In the 1960s, a prominent preschool in the United States tracked a group of children who attended its institution until they were well into middle age. The results were surprising; for every dollar spent on an individual's preschool education, that individual contributed US$17 back into society when he or she became an adult.

These individuals who went to preschool were more likely to graduate from secondary school, scored higher in vocabulary and mathematics tests and were less likely to get into trouble and into prison or to rely on welfare than their counterparts who had not attended preschool.
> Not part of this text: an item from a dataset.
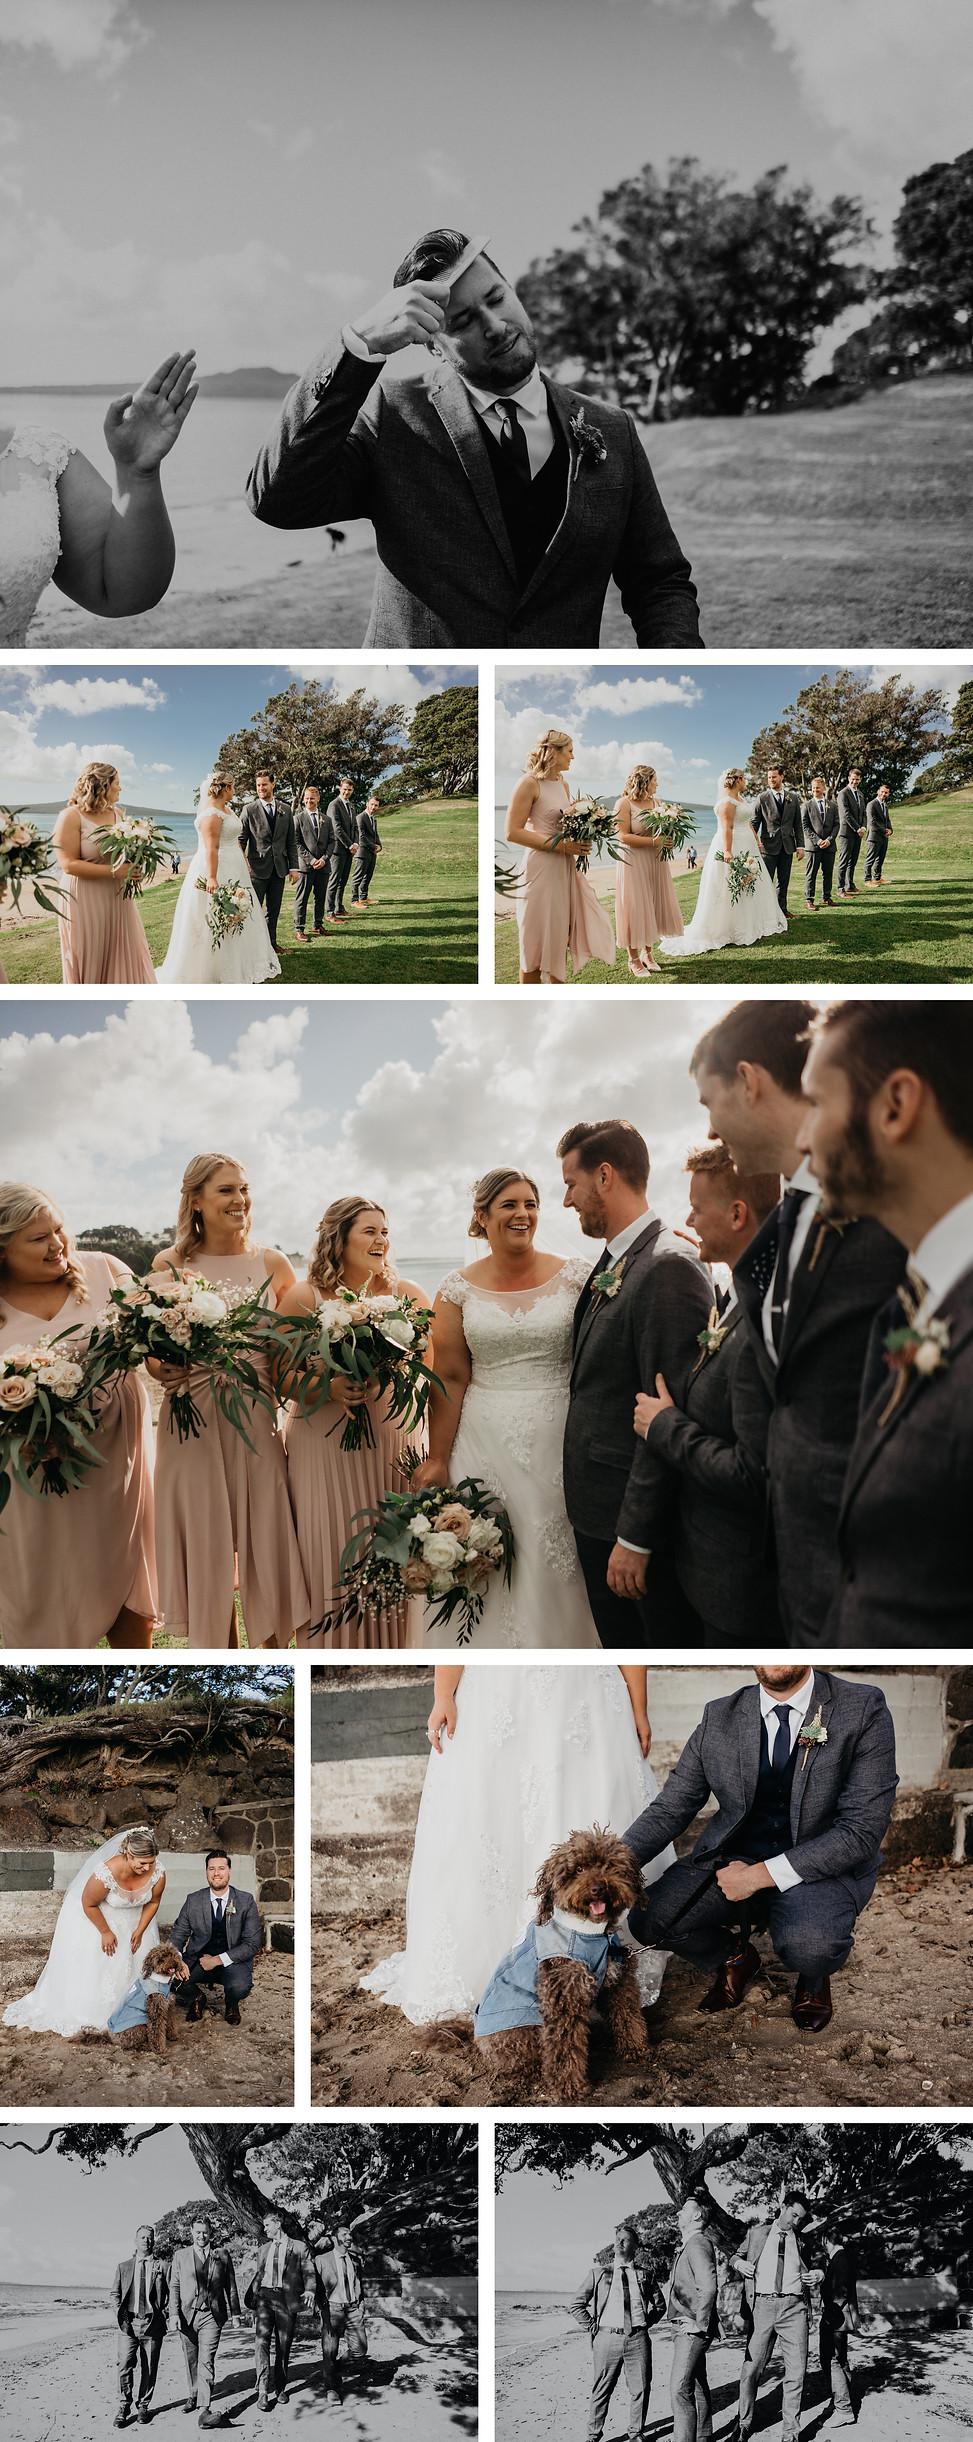 bridal group photos captured in narrow neck beach, groom, bride, dog bridal party photo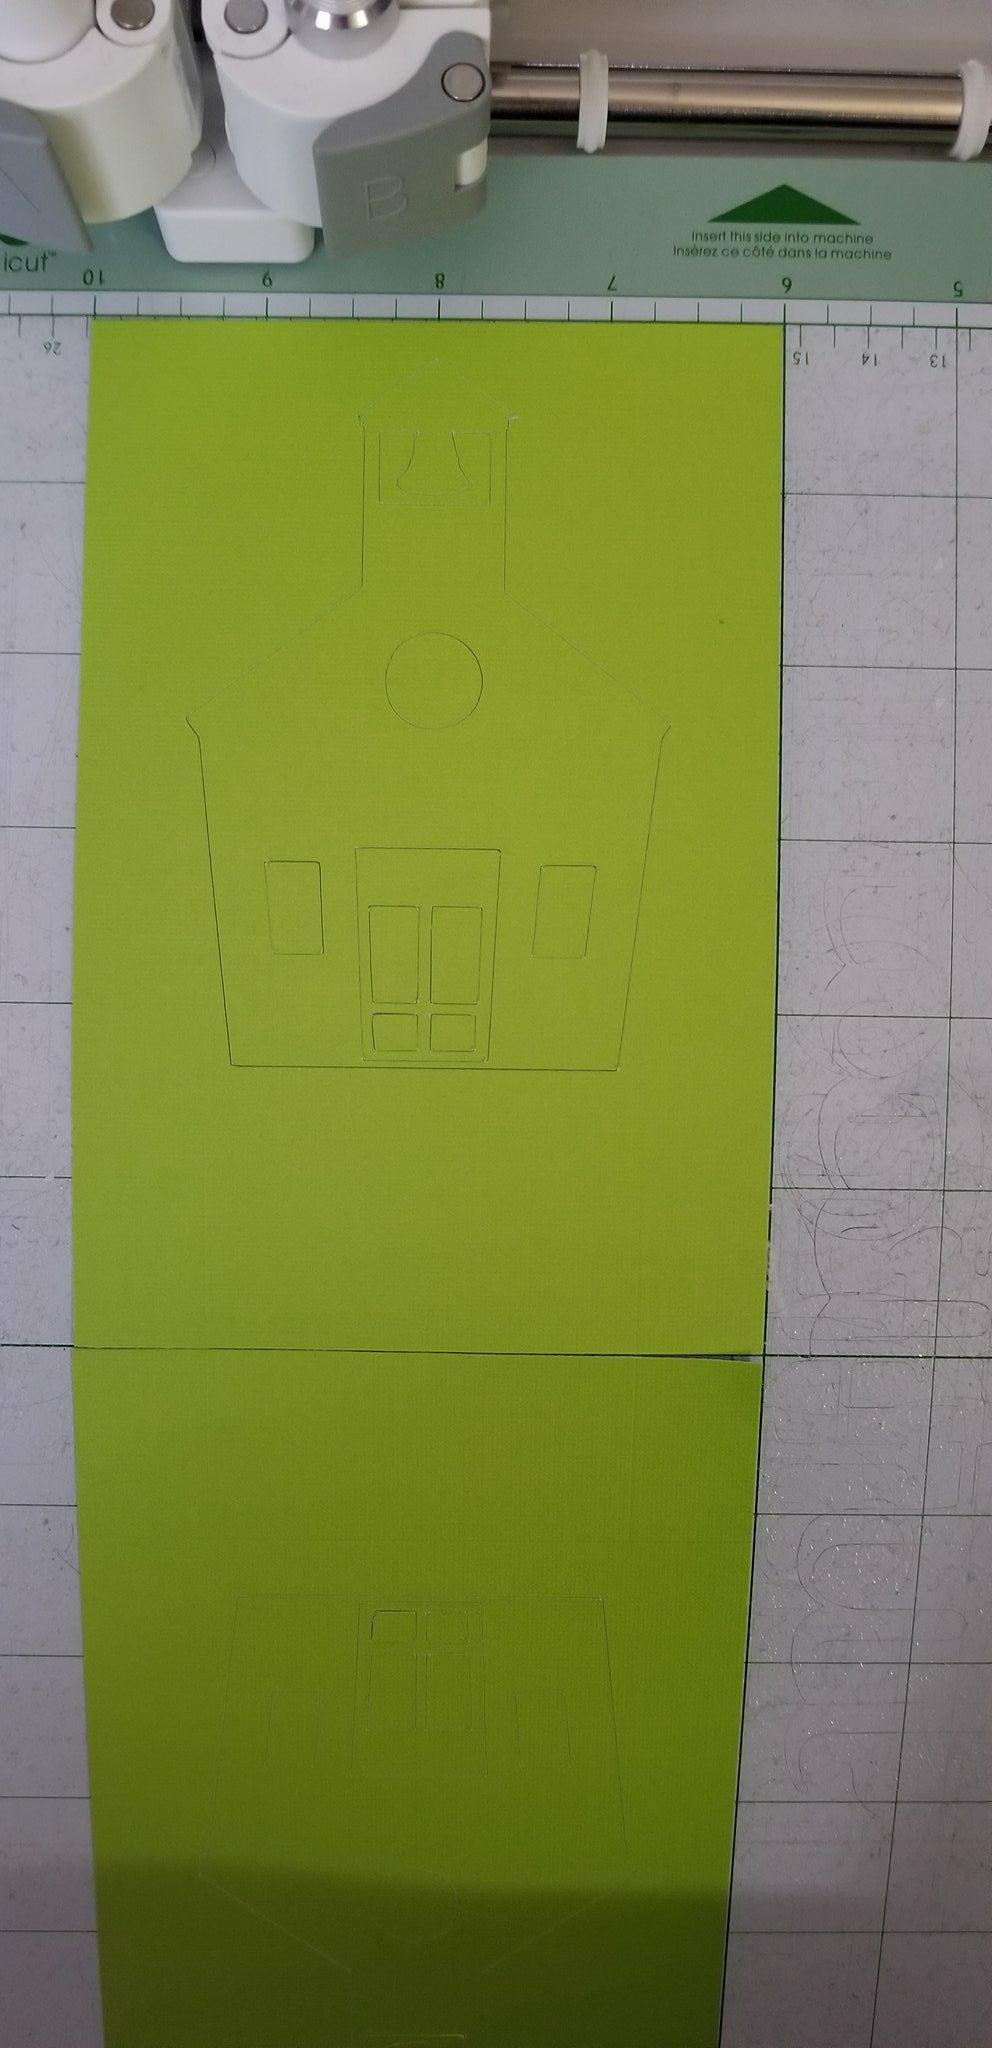 Close up of green schoolhouse cut using Cricut machine for teacher appreciation gift ideas

They also earned 25 per cent more from their jobs. So this "bad idea" as Mr Lau puts it, has great benefits in store. And contrary to his opinion, it aids the child in later life.

Mr Lau goes on to assume that by sending a child to preschool, one would be bombarding the child with heaps of information. However I find this assumption to be untrue and misinformed. My friends and I all attended preschool at an early age, and none of us is one of the "data saving machines" Mr Lau has referred to.

He has also found a way to pin the blame of lack of enthusiasm in studies on preschool. This is flawed logic. To claim a student's academic ineptitude is due to his preschool education is irrational and would be similar to blaming a son for his father's wrongdoings.

I suggest Mr Lau should reconsider his stance on this ultimately rewarding system of education called preschool.

 

Everyone is busy during Lunar New Year - visiting relatives, greeting and receiving red packets from others.

To adults, it is a time to gather and meet each other. However, it seems this festival has another meaning to children.

What they care about is the money inside the red packets, but they don't understand the true meaning of New Year, which is about gathering together and sharing.

This can be easily rectified if parents explain more instead of letting children explore everything on their own.